In mathematics, the limit of a function describes the behavior of that function as the input approaches a certain point. Here, we're interested in the limit of the function \( f(x) = \left( 1 - \frac{1}{x} \right)^x \) as \( x \to \infty \). This involves understanding what value \( f(x) \) approaches as \( x \) becomes very large. For \( f(x) \), there's a well-known limit involving the natural number \( e \). As \( x \to \infty \), \( \left( 1 - \frac{1}{x} \right)^x \) approaches \( e^{-1} \). The mathematical representation is: \[ \lim_{{x \to \infty}} \left( 1 - \frac{1}{x} \right)^x = \frac{1}{e} \]This limit shows that as \( x \) increases, \( f(x) \) converges to \( \frac{1}{e} \), which is approximately 0.3679. Understanding this concept is crucial, as limits are foundational in calculus and help in analyzing function behaviors at boundaries. They form the basis for derivatives and integrals, which are the core operations of calculus.

Graphing functions is a valuable tool in visualizing and understanding mathematical concepts. For the function \( f(x) = \left( 1 - \frac{1}{x} \right)^x \), plotting gives us a clear representation of how \( f(x) \) behaves as \( x \) increases. To graph this function effectively, you need a range for \( x \) and a corresponding range for \( y \). From the original exercise, we're using \( x \) values from 0 to 20 and \( y \) values from 0 to 1. This specific range provides the best view of the function's approach towards the limiting value of \( \frac{1}{e} \). Additionally, it's useful to draw the line \( y = \frac{1}{e} \) on the same graph. This horizontal line acts as a reference, helping you see how \( f(x) \) moves closer to this value. Graphing the function alongside the reference line offers an immediate, visual way to interpret the function's trend and how it stabilizes around \( \frac{1}{e} \). With this visual analysis, the convergence and trend of the function become easier to understand compared to purely numerical or algebraic evaluation.

Convergence is a critical concept in both calculus and sequence analysis. When we talk about the convergence of sequences, we're referring to how a sequence of terms approaches a specific value as the sequence progresses towards infinity. For \( f(x) = \left( 1 - \frac{1}{x} \right)^x \), as \( x \) becomes larger, it forms a sequence that approaches a limit. Here, the sequence is the set of function values at various \( x \) values.
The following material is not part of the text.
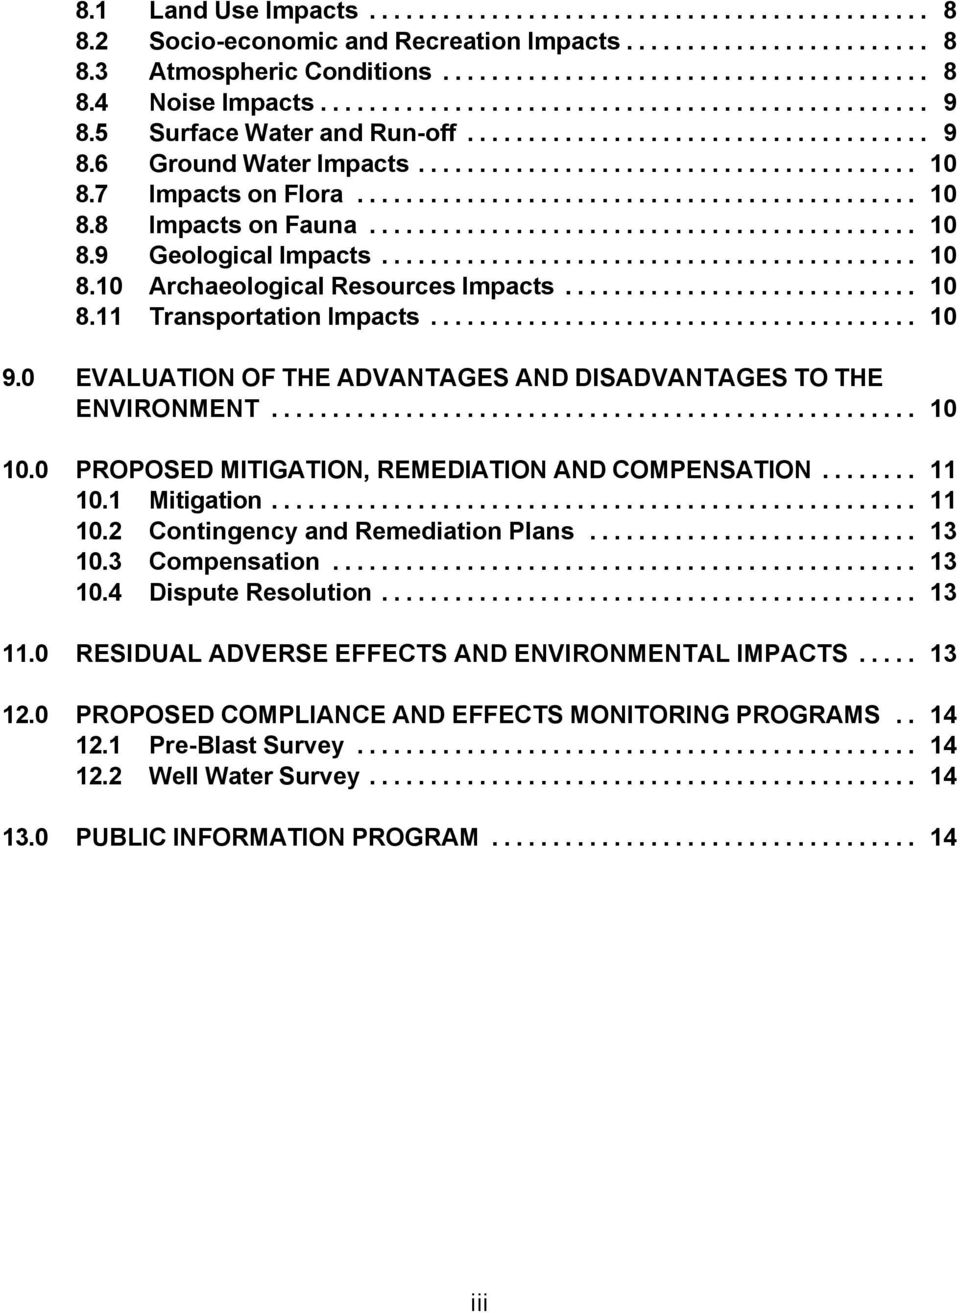 0 EVALUATION OF THE ADVANTAGES AND DISADVANTAGES TO THE ENVIRONMENT... 10 10.0 PROPOSED MITIGATION, REMEDIATION AND COMPENSATION... 11 10.1 Mitigation... 11 10.2 Contingency and Remediation Plans.

With \( x \to \infty \), the function values converge to \( \frac{1}{e} \), demonstrating the convergence of the sequence defined by \( f(x) \).

• Convergence happens when the terms of a sequence get closer to a specific number, called the limit.
• For \( f(x) \), understanding convergence helps in predicting the behavior of this function at very large \( x \) values, without needing to calculate each successive term explicitly.
• In practical terms, this means that instead of evaluating \( f(x) \) at infinity, recognizing its convergence allows us to define its behavior with the limit \( \frac{1}{e} \).

Mastering the concept of convergence prepares students for deeper studies in analysis and enhances comprehension of how things like an entire function sequence can behave predictively and soundly as inputs grow indefinitely.